Re: Culprit of intermittent & transient item-too-large set failures, and why favoring slab reassignment over memory allocation?

Min-Zhong "John" Lu Wed, 26 Apr 2017 14:05:50 -0700

Well I must be doomed and I feel embarrassed now.

TL;DR: It's an error on my side (part pylibmc, part our engineering 
problem), not memcached's.


Long story:
So, it turns out that some of our computation instances have pylibmc 1.5.0 
and some pylibmc 1.5.1.

I already knew pylibmc 1.5.1 had regressed on serialization means 
<https://github.com/lericson/pylibmc/issues/216>, so I had already 
instituted a policy on holding pylibmc version at 1.5.0. However, in 
hindsight this policy probably haven't been enforced (by human beings or by 
computer codes) very thoroughly.

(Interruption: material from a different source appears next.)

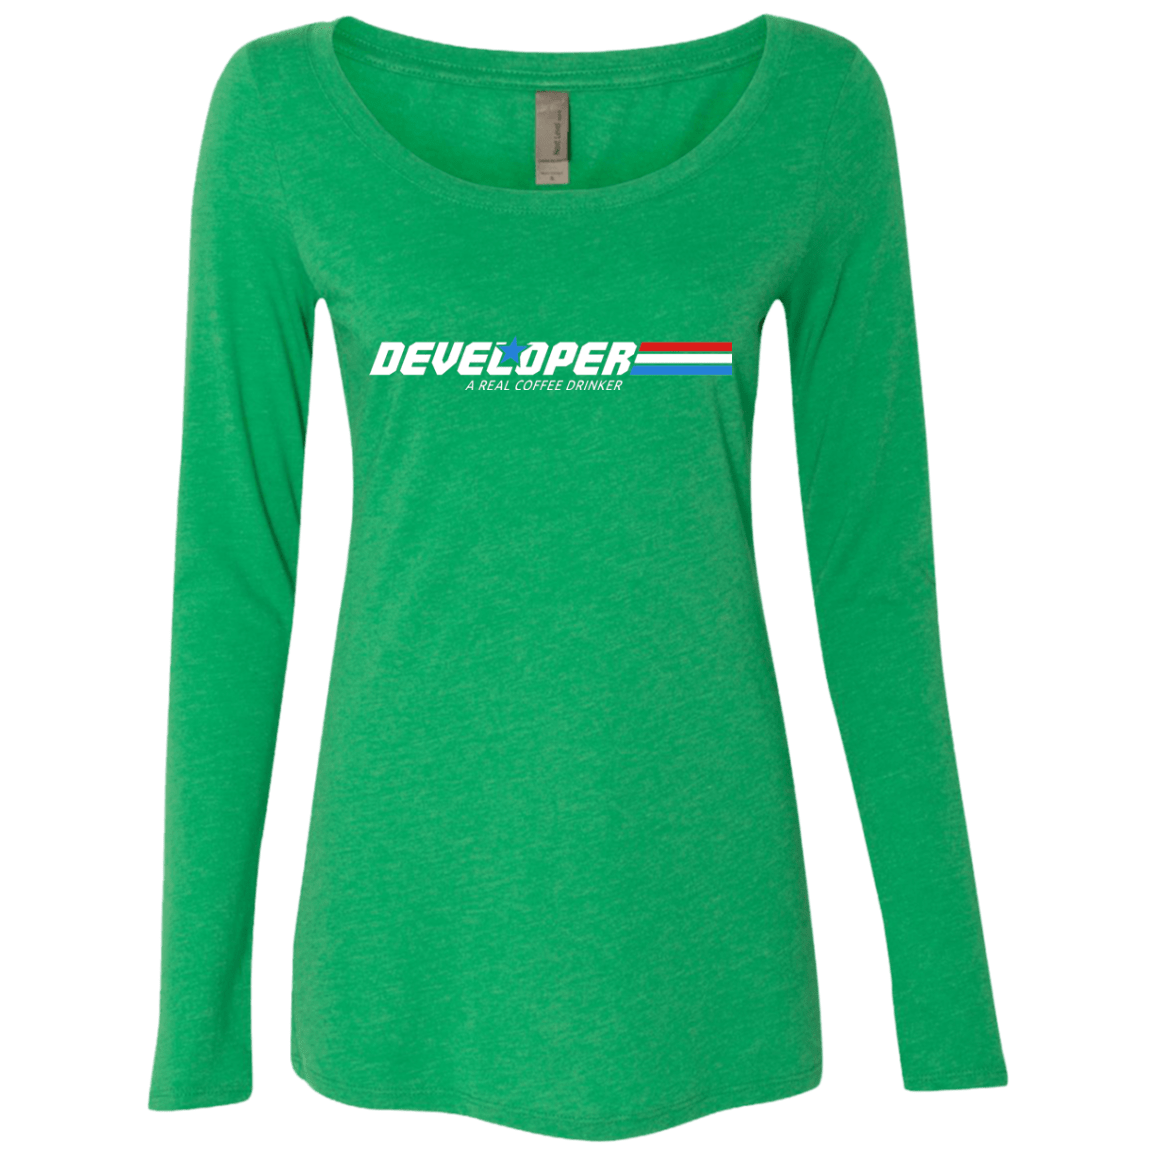 T-Shirts Envy / Small Developer - A Real Coffee Drinker Women's Triblend Long Sleeve Shirt
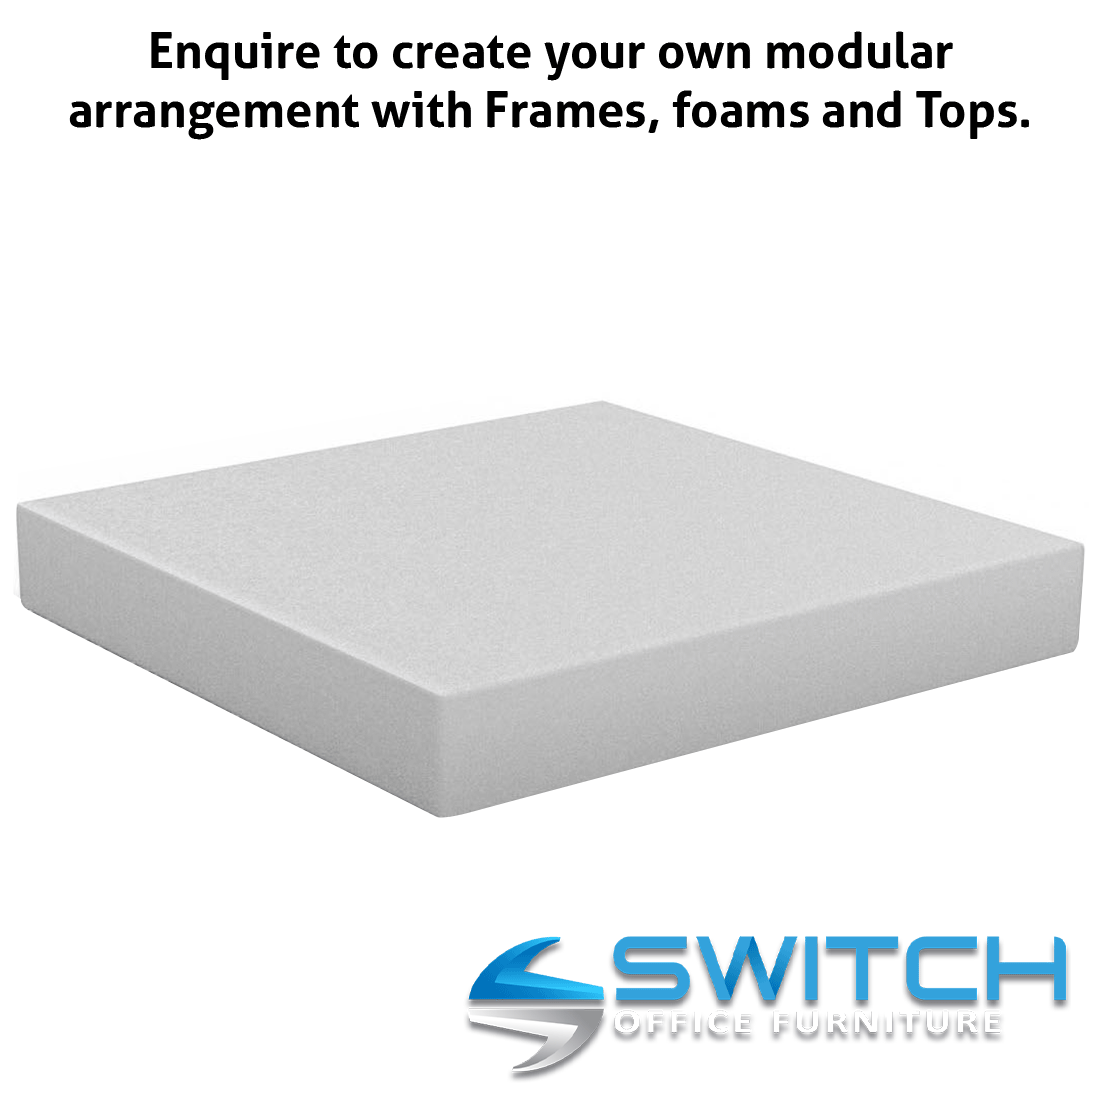 Zelig Modular Lounge System - switchoffice.com.au

So I ended up having a troublesome mix --- 
and the number of pylibmc-1.5.1-equipped instances are relatively tiny, 
hence the intermittent-ness and the transient-ness (the "retry" was always 
carried out manually on a pylibmc-1.5.0-equipped instance).

Also retrospectively confirmed is that, for those objects that we fail to 
store, they have a serialized size less than 1MB if by pylibmc 1.5.0 and 
larger than 1MB if by pylibmc 1.5.1. I always compute the size of my 
objects by 1.5.0's serialization means, so when they are processed by 
pylibmc-1.5.1-equipped instances, I get a too big error for an item I think 
I shouldn't get the error for.

Dormando, sorry for summoning the dinosaur and having you take time for 
this.

As for the under-utilization of the memory, yes it's probably something 
that needs attention, but I'll have to double check with our access 
pattern/traffic, to see if I've been just overprovisioning more cache than 
needed by our workloads, or something else.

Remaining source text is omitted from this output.